## YOUR ASSIGNMENT
Will you write out all the entries below exactly?

[Data items]
---*---
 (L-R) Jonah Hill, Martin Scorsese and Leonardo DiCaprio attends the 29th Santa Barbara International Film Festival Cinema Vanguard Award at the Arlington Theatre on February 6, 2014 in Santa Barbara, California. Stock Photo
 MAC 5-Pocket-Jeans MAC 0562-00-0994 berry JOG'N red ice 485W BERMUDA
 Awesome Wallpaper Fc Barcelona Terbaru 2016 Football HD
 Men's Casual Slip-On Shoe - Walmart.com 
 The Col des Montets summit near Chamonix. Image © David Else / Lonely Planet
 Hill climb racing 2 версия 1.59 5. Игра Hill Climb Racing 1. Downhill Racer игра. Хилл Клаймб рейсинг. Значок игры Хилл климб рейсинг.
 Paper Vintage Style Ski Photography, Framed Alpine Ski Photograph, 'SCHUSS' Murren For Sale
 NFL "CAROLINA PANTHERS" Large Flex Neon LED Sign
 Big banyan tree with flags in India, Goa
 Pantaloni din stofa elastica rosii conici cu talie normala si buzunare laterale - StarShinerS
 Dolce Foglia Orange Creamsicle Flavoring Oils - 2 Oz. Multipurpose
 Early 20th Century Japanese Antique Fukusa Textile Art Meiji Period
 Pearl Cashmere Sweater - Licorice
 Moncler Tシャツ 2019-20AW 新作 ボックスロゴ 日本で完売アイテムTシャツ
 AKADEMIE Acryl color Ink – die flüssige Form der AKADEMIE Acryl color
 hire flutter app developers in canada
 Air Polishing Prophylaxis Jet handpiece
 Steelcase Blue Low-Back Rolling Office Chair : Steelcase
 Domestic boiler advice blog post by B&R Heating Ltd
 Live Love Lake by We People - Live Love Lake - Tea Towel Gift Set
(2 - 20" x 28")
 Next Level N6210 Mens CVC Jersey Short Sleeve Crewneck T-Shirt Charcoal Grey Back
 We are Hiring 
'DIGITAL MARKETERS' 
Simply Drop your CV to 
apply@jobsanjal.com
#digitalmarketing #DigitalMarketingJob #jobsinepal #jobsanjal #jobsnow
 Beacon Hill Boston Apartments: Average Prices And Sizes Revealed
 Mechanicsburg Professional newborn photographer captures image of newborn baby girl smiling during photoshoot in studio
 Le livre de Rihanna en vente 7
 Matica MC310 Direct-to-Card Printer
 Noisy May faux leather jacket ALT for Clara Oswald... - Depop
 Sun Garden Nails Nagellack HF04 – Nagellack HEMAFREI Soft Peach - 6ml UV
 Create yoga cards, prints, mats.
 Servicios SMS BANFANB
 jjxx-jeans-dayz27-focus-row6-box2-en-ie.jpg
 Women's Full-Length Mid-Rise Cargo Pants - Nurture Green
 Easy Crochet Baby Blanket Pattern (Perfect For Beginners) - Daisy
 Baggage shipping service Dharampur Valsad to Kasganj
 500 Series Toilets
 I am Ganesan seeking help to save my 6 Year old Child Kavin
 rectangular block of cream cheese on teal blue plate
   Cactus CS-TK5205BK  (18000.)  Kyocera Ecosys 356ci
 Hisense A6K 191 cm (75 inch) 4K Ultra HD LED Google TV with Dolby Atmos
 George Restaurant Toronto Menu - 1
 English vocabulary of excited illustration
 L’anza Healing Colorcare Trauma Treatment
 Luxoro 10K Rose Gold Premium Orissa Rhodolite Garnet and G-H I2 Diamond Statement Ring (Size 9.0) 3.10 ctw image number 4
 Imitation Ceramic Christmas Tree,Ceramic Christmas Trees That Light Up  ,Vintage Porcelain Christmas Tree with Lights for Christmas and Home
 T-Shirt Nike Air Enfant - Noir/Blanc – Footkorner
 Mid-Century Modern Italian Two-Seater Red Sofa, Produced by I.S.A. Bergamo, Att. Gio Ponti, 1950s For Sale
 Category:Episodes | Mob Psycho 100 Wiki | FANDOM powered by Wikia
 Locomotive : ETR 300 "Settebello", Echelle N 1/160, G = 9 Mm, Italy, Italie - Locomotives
---*---
## SOLVED EXERCISE
 (L-R) Jonah Hill, Martin Scorsese and Leonardo DiCaprio attends the 29th Santa Barbara International Film Festival Cinema Vanguard Award at the Arlington Theatre on February 6, 2014 in Santa Barbara, California. Stock Photo
 MAC 5-Pocket-Jeans MAC 0562-00-0994 berry JOG'N red ice 485W BERMUDA
 Awesome Wallpaper Fc Barcelona Terbaru 2016 Football HD
 Men's Casual Slip-On Shoe - Walmart.com 
 The Col des Montets summit near Chamonix. Image © David Else / Lonely Planet
 Hill climb racing 2 версия 1.59 5. Игра Hill Climb Racing 1. Downhill Racer игра. Хилл Клаймб рейсинг. Значок игры Хилл климб рейсинг.
 Paper Vintage Style Ski Photography, Framed Alpine Ski Photograph, 'SCHUSS' Murren For Sale
 NFL "CAROLINA PANTHERS" Large Flex Neon LED Sign
 Big banyan tree with flags in India, Goa
 Pantaloni din stofa elastica rosii conici cu talie normala si buzunare laterale - StarShinerS
 Dolce Foglia Orange Creamsicle Flavoring Oils - 2 Oz. Multipurpose
 Early 20th Century Japanese Antique Fukusa Textile Art Meiji Period
 Pearl Cashmere Sweater - Licorice
 Moncler Tシャツ 2019-20AW 新作 ボックスロゴ 日本で完売アイテムTシャツ
 AKADEMIE Acryl color Ink – die flüssige Form der AKADEMIE Acryl color
 hire flutter app developers in canada
 Air Polishing Prophylaxis Jet handpiece
 Steelcase Blue Low-Back Rolling Office Chair : Steelcase
 Domestic boiler advice blog post by B&R Heating Ltd
 Live Love Lake by We People - Live Love Lake - Tea Towel Gift Set
(2 - 20" x 28")
 Next Level N6210 Mens CVC Jersey Short Sleeve Crewneck T-Shirt Charcoal Grey Back
 We are Hiring 
'DIGITAL MARKETERS' 
Simply Drop your CV to 
apply@jobsanjal.com
#digitalmarketing #DigitalMarketingJob #jobsinepal #jobsanjal #jobsnow
 Beacon Hill Boston Apartments: Average Prices And Sizes Revealed
 Mechanicsburg Professional newborn photographer captures image of newborn baby girl smiling during photoshoot in studio
 Le livre de Rihanna en vente 7
 Matica MC310 Direct-to-Card Printer
 Noisy May faux leather jacket ALT for Clara Oswald... - Depop
 Sun Garden Nails Nagellack HF04 – Nagellack HEMAFREI Soft Peach - 6ml UV
 Create yoga cards, prints, mats.
 Servicios SMS BANFANB
 jjxx-jeans-dayz27-focus-row6-box2-en-ie.jpg
 Women's Full-Length Mid-Rise Cargo Pants - Nurture Green
 Easy Crochet Baby Blanket Pattern (Perfect For Beginners) - Daisy
 Baggage shipping service Dharampur Valsad to Kasganj
 500 Series Toilets
 I am Ganesan seeking help to save my 6 Year old Child Kavin
 rectangular block of cream cheese on teal blue plate
   Cactus CS-TK5205BK  (18000.)  Kyocera Ecosys 356ci
 Hisense A6K 191 cm (75 inch) 4K Ultra HD LED Google TV with Dolby Atmos
 George Restaurant Toronto Menu - 1
 English vocabulary of excited illustration
 L’anza Healing Colorcare Trauma Treatment
 Luxoro 10K Rose Gold Premium Orissa Rhodolite Garnet and G-H I2 Diamond Statement Ring (Size 9.0) 3.10 ctw image number 4
 Imitation Ceramic Christmas Tree,Ceramic Christmas Trees That Light Up  ,Vintage Porcelain Christmas Tree with Lights for Christmas and Home
 T-Shirt Nike Air Enfant - Noir/Blanc – Footkorner
 Mid-Century Modern Italian Two-Seater Red Sofa, Produced by I.S.A. Bergamo, Att. Gio Ponti, 1950s For Sale
 Category:Episodes | Mob Psycho 100 Wiki | FANDOM powered by Wikia
 Locomotive : ETR 300 "Settebello", Echelle N 1/160, G = 9 Mm, Italy, Italie - Locomotives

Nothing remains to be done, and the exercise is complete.